You are viewing a plain text version of this content. The canonical link for it is here.
Posted to commits@airflow.apache.org by GitBox <gi...@apache.org> on 2021/11/26 02:01:32 UTC

[GitHub] [airflow] smartnewsdingli opened a new issue #19832: Deadlock in worker pod

smartnewsdingli opened a new issue #19832:
URL: https://github.com/apache/airflow/issues/19832


   ### Apache Airflow version
   
   2.2.2 (latest released)
   
   ### Operating System
   
   ubuntu
   
   ### Versions of Apache Airflow Providers
   
   _No response_
   
   ### Deployment
   
   Other
   
   ### Deployment details
   
   multi schedulers. Deployed with kubernetes, and worker pod run with LocalExecutor.
   
   ### What happened
   
   The worker pod error with log
   there is a similar pr but for scheduler deadlock https://github.com/apache/airflow/pull/18975/files
   
   `[2021-11-25 23:08:18,700] {dagbag.py:500} INFO - Filling up the DagBag from /usr/local/spaas-airflow/dags/algolift/algolift_load.py
   Running <TaskInstance: algo-lift.load.wait_for_data scheduled__2021-11-22T00:00:00+00:00 [running]> on host algoliftloadwaitfordata.2388e61b4fd84b6e815f9a0f4e123ad9
   Traceback (most recent call last):
     File "/usr/local/lib/python3.7/dist-packages/sqlalchemy/engine/base.py", line 1277, in _execute_context
       cursor, statement, parameters, context
     File "/usr/local/lib/python3.7/dist-packages/sqlalchemy/engine/default.py", line 608, in do_execute
       cursor.execute(statement, parameters)

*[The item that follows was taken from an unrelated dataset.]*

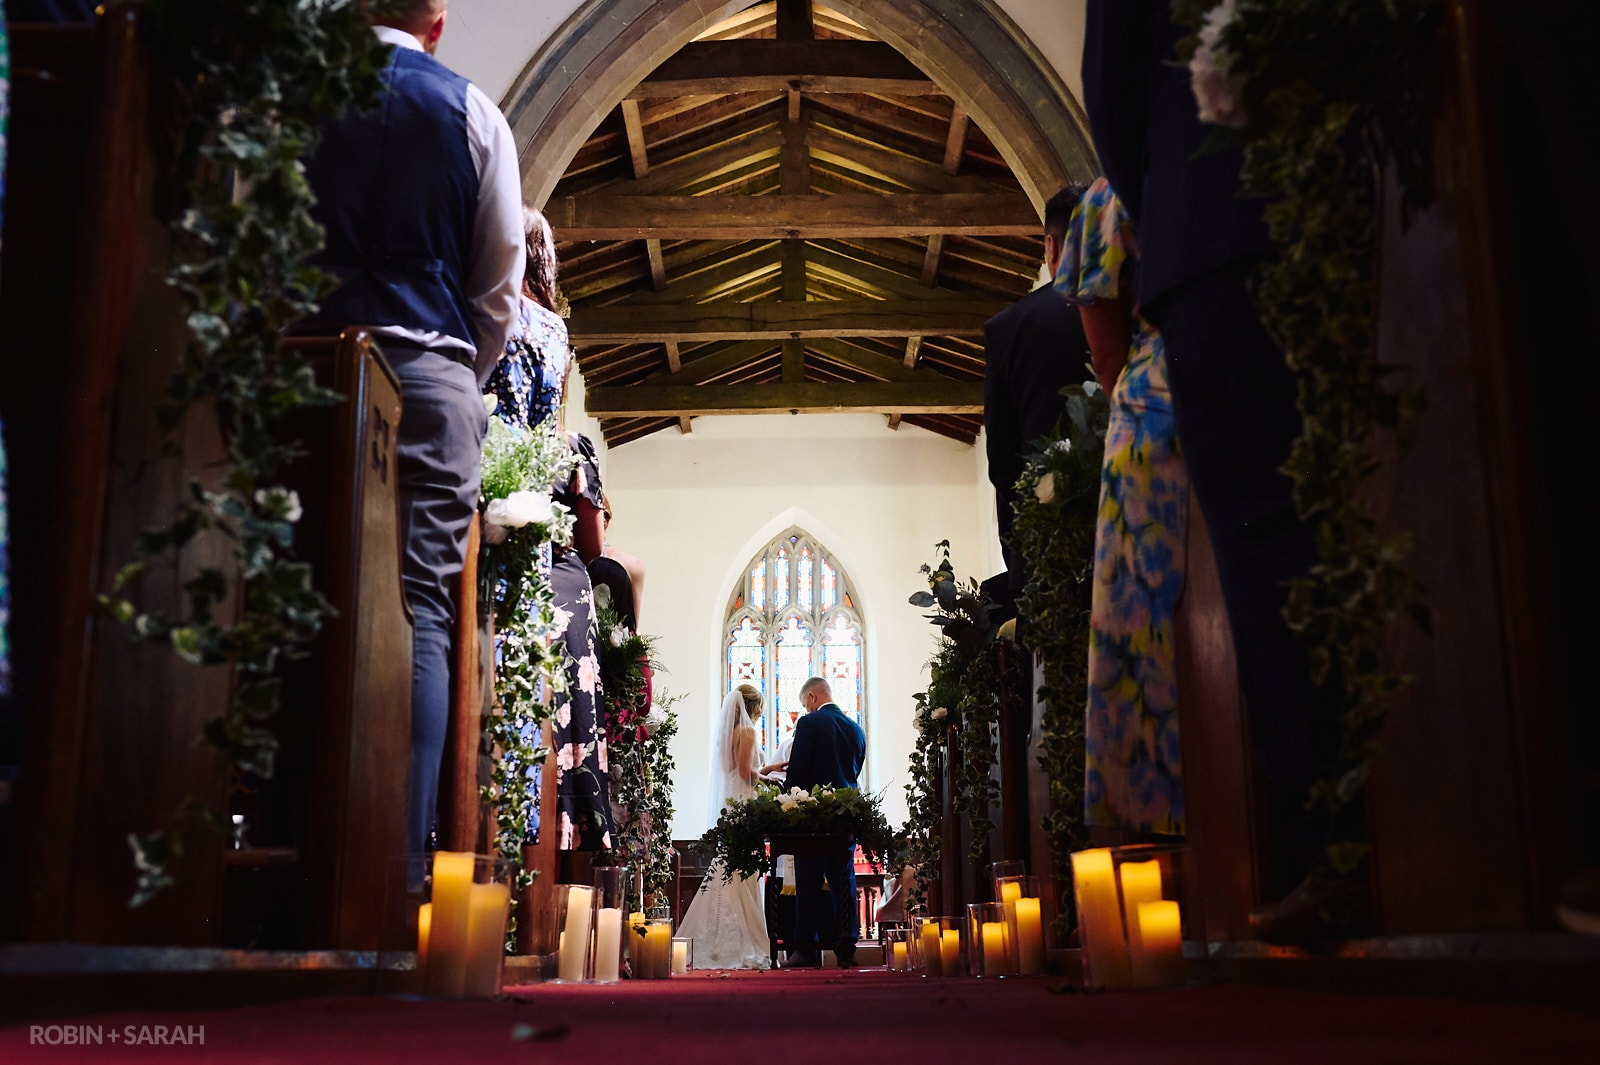 Wedding ring exchange at St Botolph's church Newbold-on-Avon

     File "/usr/local/lib/python3.7/dist-packages/MySQLdb/cursors.py", line 206, in execute
       res = self._query(query)
     File "/usr/local/lib/python3.7/dist-packages/MySQLdb/cursors.py", line 319, in _query
       db.query(q)
     File "/usr/local/lib/python3.7/dist-packages/MySQLdb/connections.py", line 259, in query
       _mysql.connection.query(self, query)

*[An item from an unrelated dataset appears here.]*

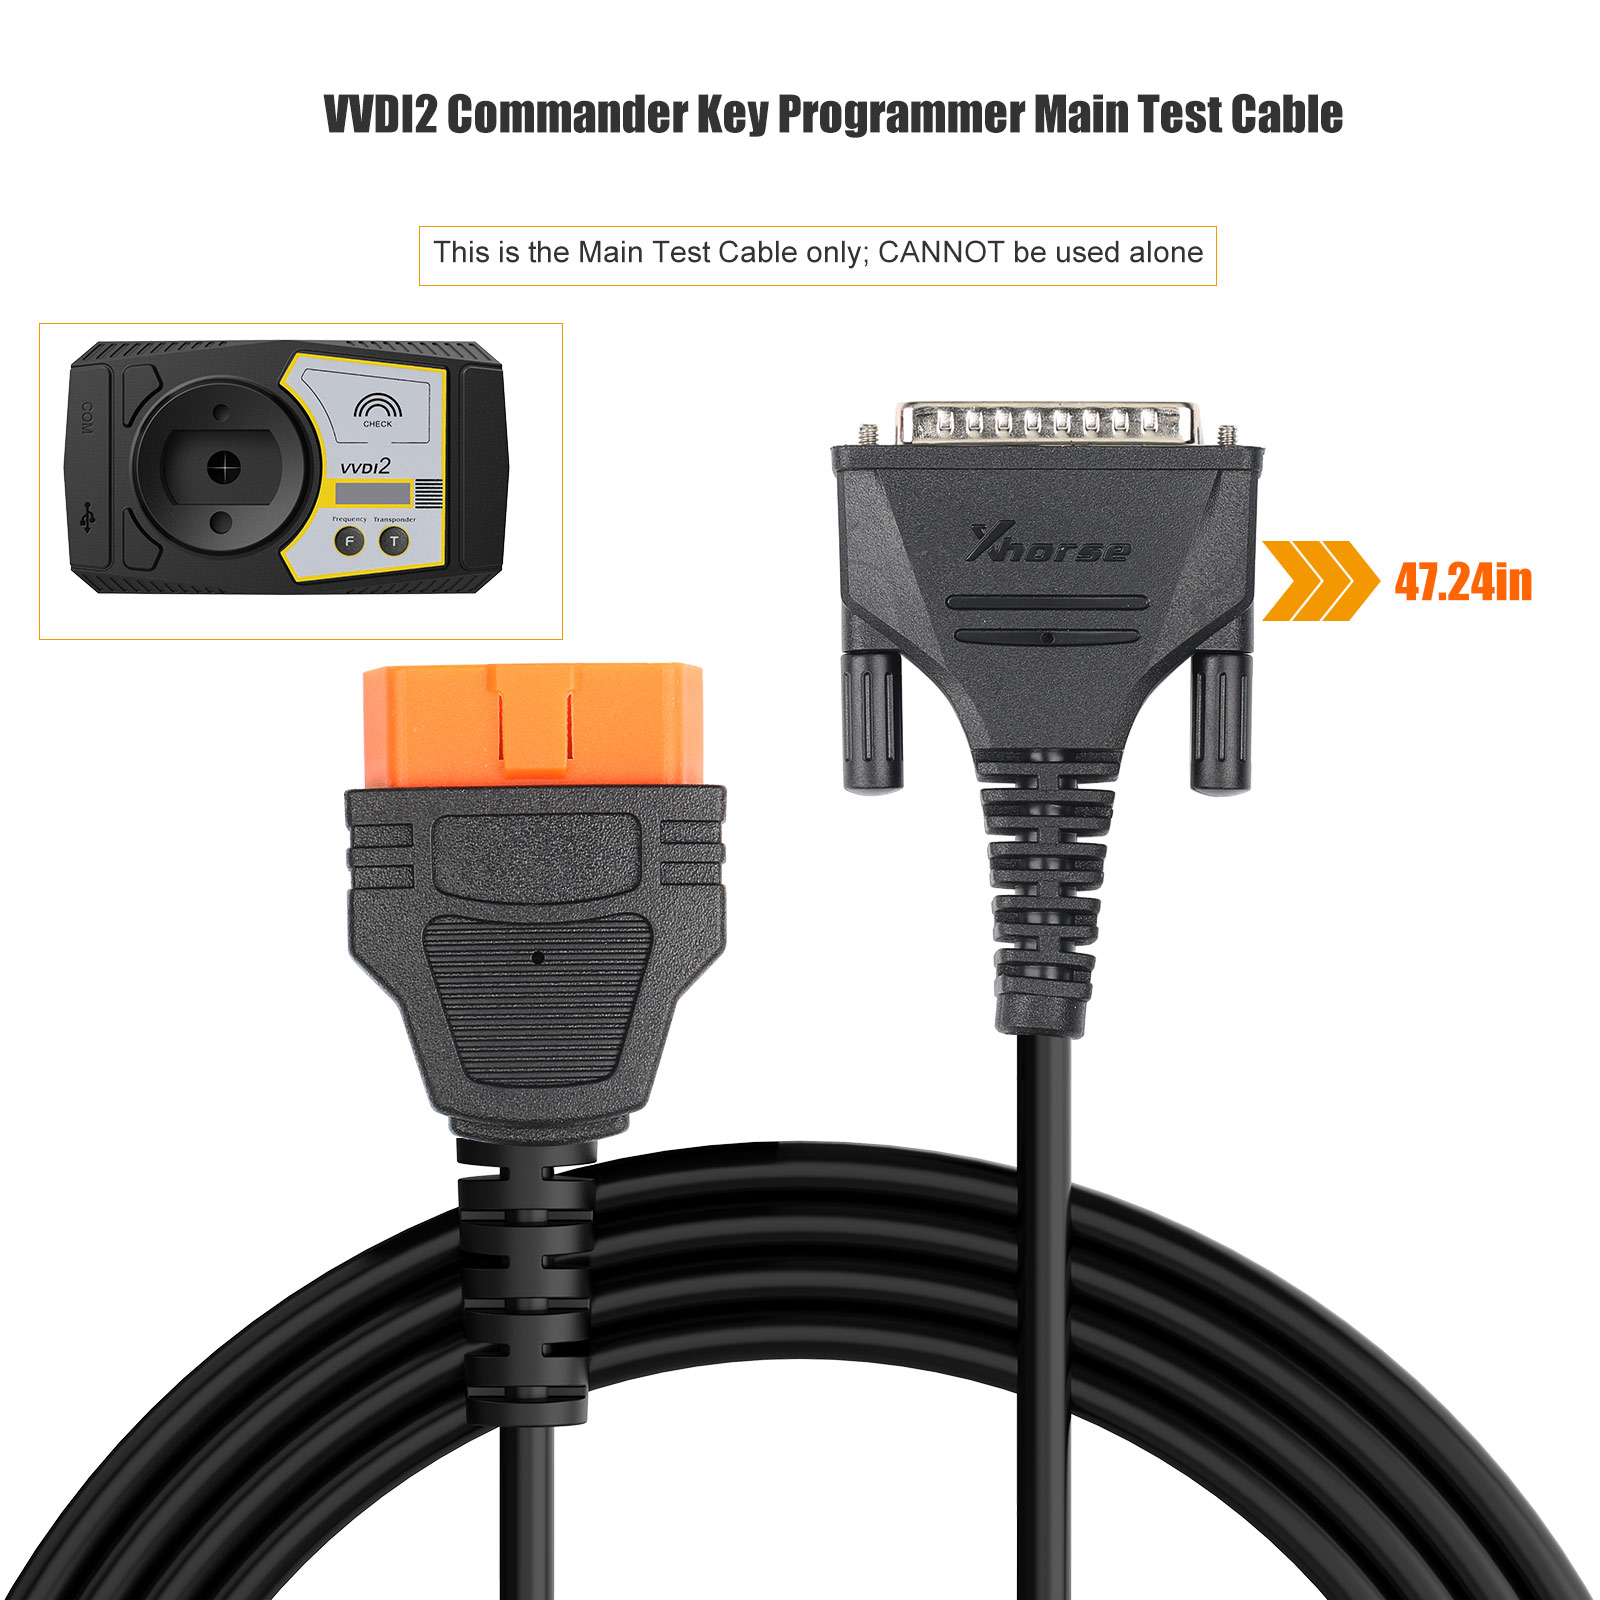 VVDI2 Main Test Cable for XHORSE VVDI 2 Commander Key Programmer

   MySQLdb._exceptions.OperationalError: (1213, 'Deadlock found when trying to get lock; try restarting transaction')
   
   The above exception was the direct cause of the following exception:
   
   Traceback (most recent call last):
     File "/usr/local/bin/airflow", line 8, in <module>
       sys.exit(main())
     File "/usr/local/lib/python3.7/dist-packages/airflow/__main__.py", line 48, in main
       args.func(args)
     File "/usr/local/lib/python3.7/dist-packages/airflow/cli/cli_parser.py", line 48, in command
       return func(*args, **kwargs)
     File "/usr/local/lib/python3.7/dist-packages/airflow/utils/cli.py", line 92, in wrapper
       return f(*args, **kwargs)
     File "/usr/local/lib/python3.7/dist-packages/airflow/cli/commands/task_command.py", line 292, in task_run
       _run_task_by_selected_method(args, dag, ti)

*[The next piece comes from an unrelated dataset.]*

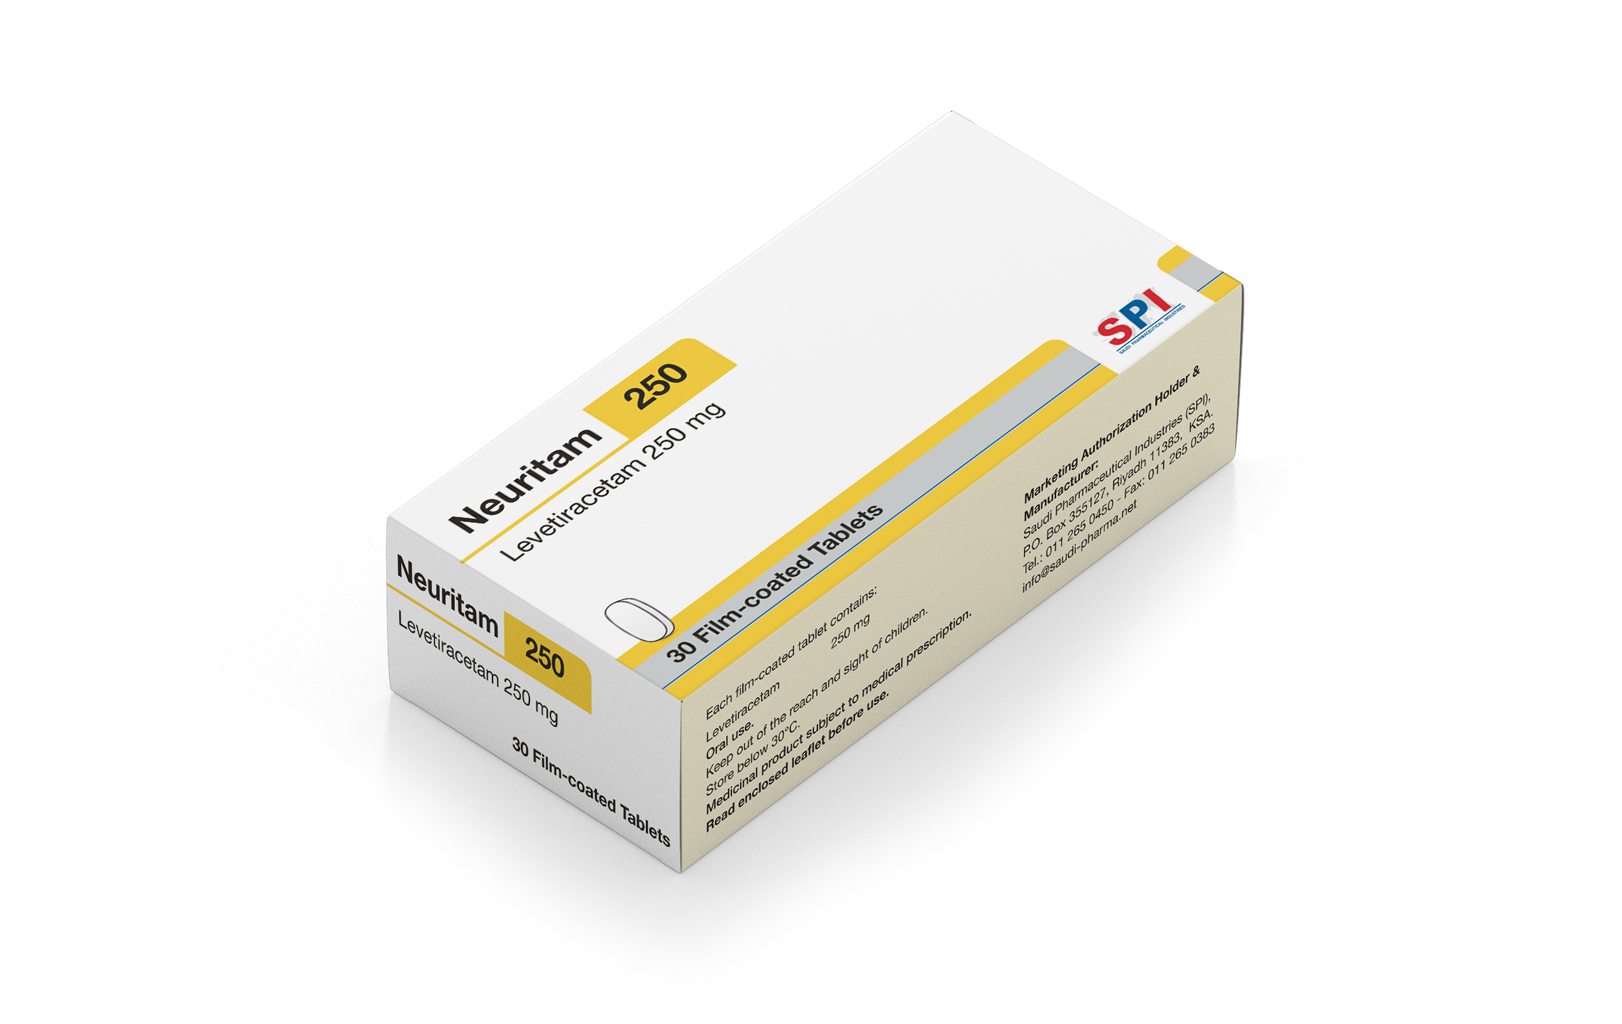 Neuritam 250 mg Film-coated Tablet

     File "/usr/local/lib/python3.7/dist-packages/airflow/cli/commands/task_command.py", line 105, in _run_task_by_selected_method
       _run_task_by_local_task_job(args, ti)
     File "/usr/local/lib/python3.7/dist-packages/airflow/cli/commands/task_command.py", line 163, in _run_task_by_local_task_job
       run_job.run()
     File "/usr/local/lib/python3.7/dist-packages/airflow/jobs/base_job.py", line 245, in run
       self._execute()
     File "/usr/local/lib/python3.7/dist-packages/airflow/jobs/local_task_job.py", line 97, in _execute
       external_executor_id=self.external_executor_id,
     File "/usr/local/lib/python3.7/dist-packages/airflow/utils/session.py", line 70, in wrapper
       return func(*args, session=session, **kwargs)
     File "/usr/local/lib/python3.7/dist-packages/airflow/models/taskinstance.py", line 1176, in check_and_change_state_before_execution
       self.refresh_from_db(session=session, lock_for_update=True)
     File "/usr/local/lib/python3.7/dist-packages/airflow/utils/session.py", line 67, in wrapper
       return func(*args, **kwargs)
     File "/usr/local/lib/python3.7/dist-packages/airflow/models/taskinstance.py", line 729, in refresh_from_db
       ti: Optional[TaskInstance] = qry.with_for_update().first()
     File "/usr/local/lib/python3.7/dist-packages/sqlalchemy/orm/query.py", line 3429, in first
       ret = list(self[0:1])
     File "/usr/local/lib/python3.7/dist-packages/sqlalchemy/orm/query.py", line 3203, in __getitem__
       return list(res)
     File "/usr/local/lib/python3.7/dist-packages/sqlalchemy/orm/query.py", line 3535, in __iter__
       return self._execute_and_instances(context)
     File "/usr/local/lib/python3.7/dist-packages/sqlalchemy/orm/query.py", line 3560, in _execute_and_instances
       result = conn.execute(querycontext.statement, self._params)
     File "/usr/local/lib/python3.7/dist-packages/sqlalchemy/engine/base.py", line 1011, in execute
       return meth(self, multiparams, params)
     File "/usr/local/lib/python3.7/dist-packages/sqlalchemy/sql/elements.py", line 298, in _execute_on_connection
       return connection._execute_clauseelement(self, multiparams, params)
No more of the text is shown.